Second, when the moving party has carried its burden under Rule 56 (c), its opponent must do more than simply show that there is some metaphysical doubt as to the material facts. The nonmoving party must come forward with “specific facts showing that there is a genuine issue/or trial.” Matsushita Elec. Indus. Co. v. Zenith Radio Corp., 475 U.S. 574, 587 (1986) (emphasis supplied); Tubacex. Inc. v. MN RISAN, 45 F.3d 951, 954 (5th Cir. 1995). In the case at bar, defendant provided sufficient evidence, including: (I) the affidavit of Sheriff Layrisson, (2) excerpts from the plaintiff’s deposition, (3) written discovery responses by plaintiff, (4) plaintiff’s personnel file, and (5) a Statement of Uncontested Material facts. In response to this motion, plaintiff filed only a Statement of Contested Facts setting forth her version of the facts at issue on July 19, 2000. Thereafter, plaintiff moved to stay a ruling on the motion so that additional discovery could be taken. The Court granted plaintiff’s request and ordered plaintiff to file a response to the defendant’s motion 15 days following the completion of discovery, set for September 18, 2000. The plaintiff however failed to file any further pleadings in this manner and the Court granted defendant’s motion as unopposed dismissing all of plaintiff’s claims on November 8, 2000. This court finds the plaintiff did not come forward with specific facts showing that there is a genuine issue for trial. Therefore, the Court finds defendant is entitled to Summary Judgment as a matter of law.

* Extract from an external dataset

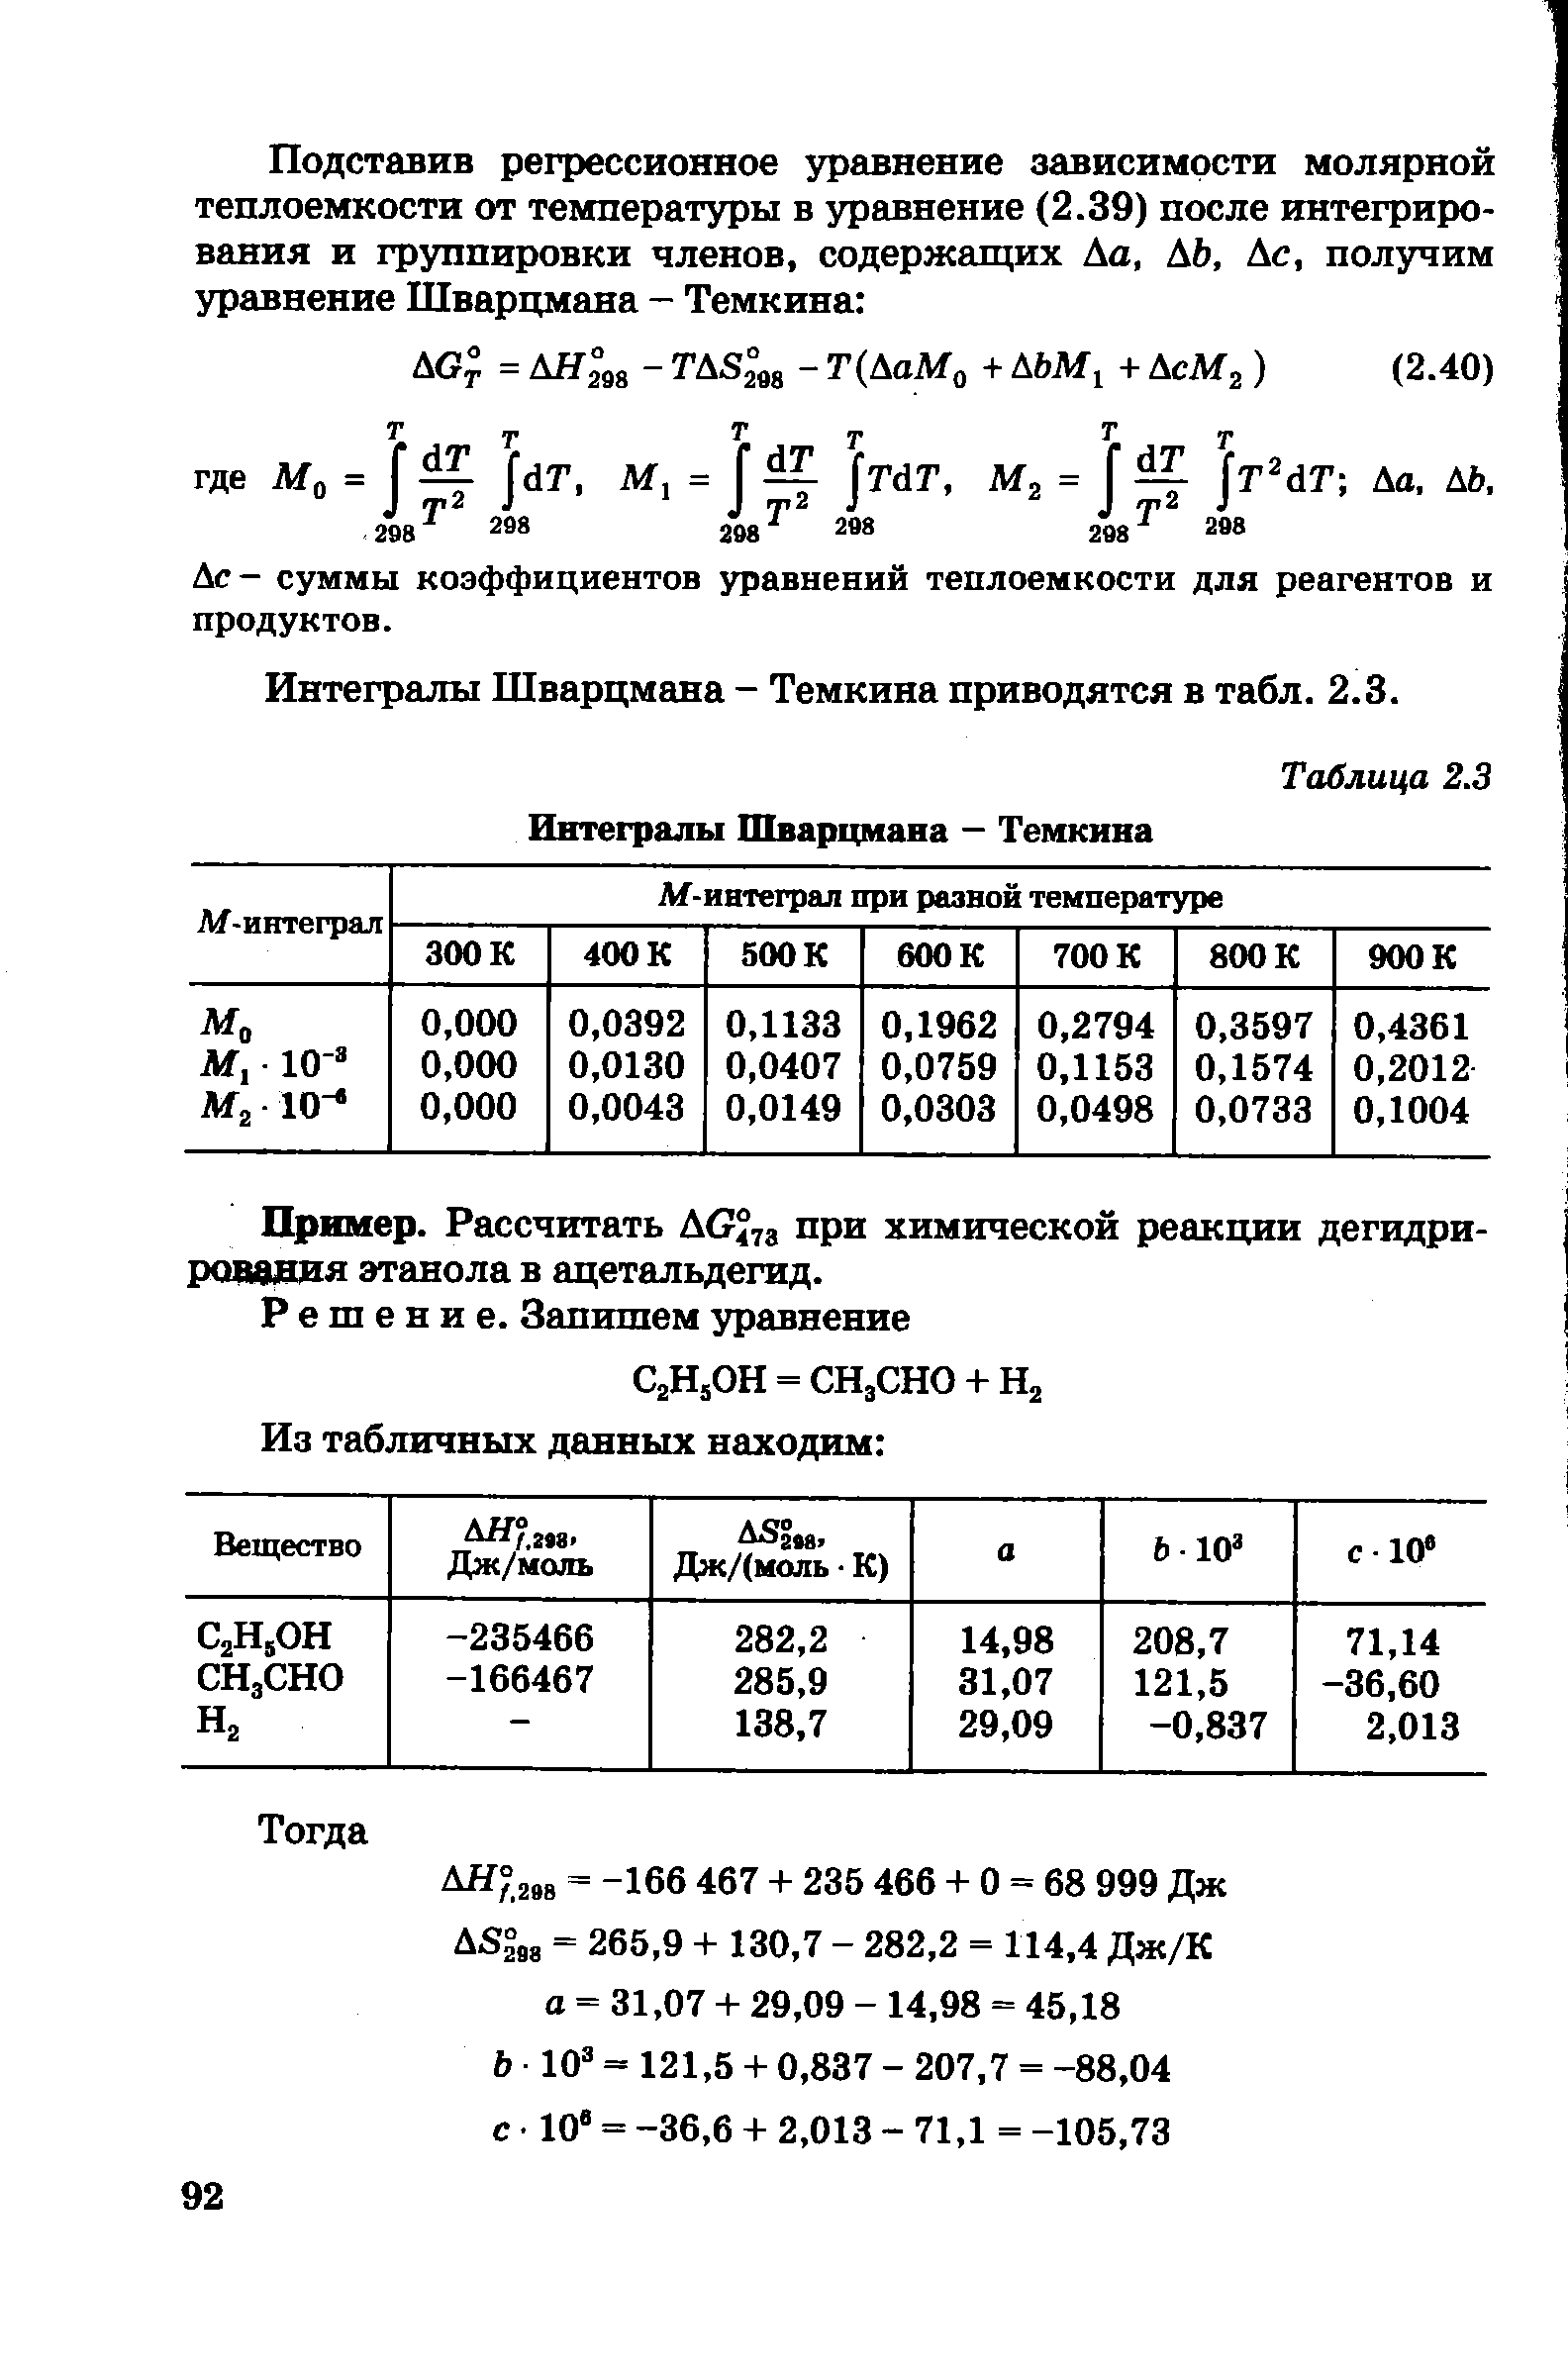 Дс - суммы коэффициентов уравнений теплоемкости для реагентов и продуктов.

Third, under the law as delineated above, the Court has not been convinced of anything that warrants relief from the Judgment rendered on November 8, 2000. The Court finds plaintiff’s only basis for invoking Rule 60B(b) is the allegation that defendant sheriff misrepresented the applicable law to the court. The court finds his allegation is unwarranted. Moreover, there are no special circumstances in this case which suggest that the Court should alter its former decisions.

V. LAW ON SANCTIONS:

Rule 11(c) grants this Court the authority to impose sanctions upon the attorneys, law firms, or parties if in violation of Rule 11(b) who are responsible for the violation:

(b) Representations to Court. By presenting to the court (whether by signing, filing, submitting, or later advocating) a pleading, written motion, or other paper, an attorney or unrepresented party is certifying that to the best of the person’s knowledge, information and belief, formed after an inquiry reasonable under the circumstances, (1) it is not being presented for any improper purpose, such as to harass or to cause unnecessary delay or needless increase in the cost of litigation; (2) the claims, defenses, and other legal contentions therein are warranted by existing law or by a nonfrivolous argument for the extension, modification, or reversal of existing law or the establishment of new law; (3) the allegations and other factual contentions have evidentiary support or, if specifically so identified, are likely to have evidentiary support after a reasonable opportunity for further investigation or discovery; and (4) the denials of factual contentions are warranted on the evidence or, if specifically so identified, are reasonably based on lack of information or belief.

Defendant urges this Court to impose sanctions based on plaintiff’s unfounded motion filed under Rules 59 and 60. While this court does not find merit to plaintiffs claims and denies the relief requested, the Court does not believe that sanctions are warranted under the circumstances of the present case.

Accordingly,

IT IS ORDERED that the Motion for Rehearing, Reconsideration, Relief from Judgment, Amendment of Judgment and/or New Trial filed on behalf of plaintiff, Louise D. Chadwick, is hereby DENIED.

IT IS FURTHER ORDERED that the Motion for Sanctions filed on behalf of the defendant, J. Edward Layrisson, is hereby DENIED.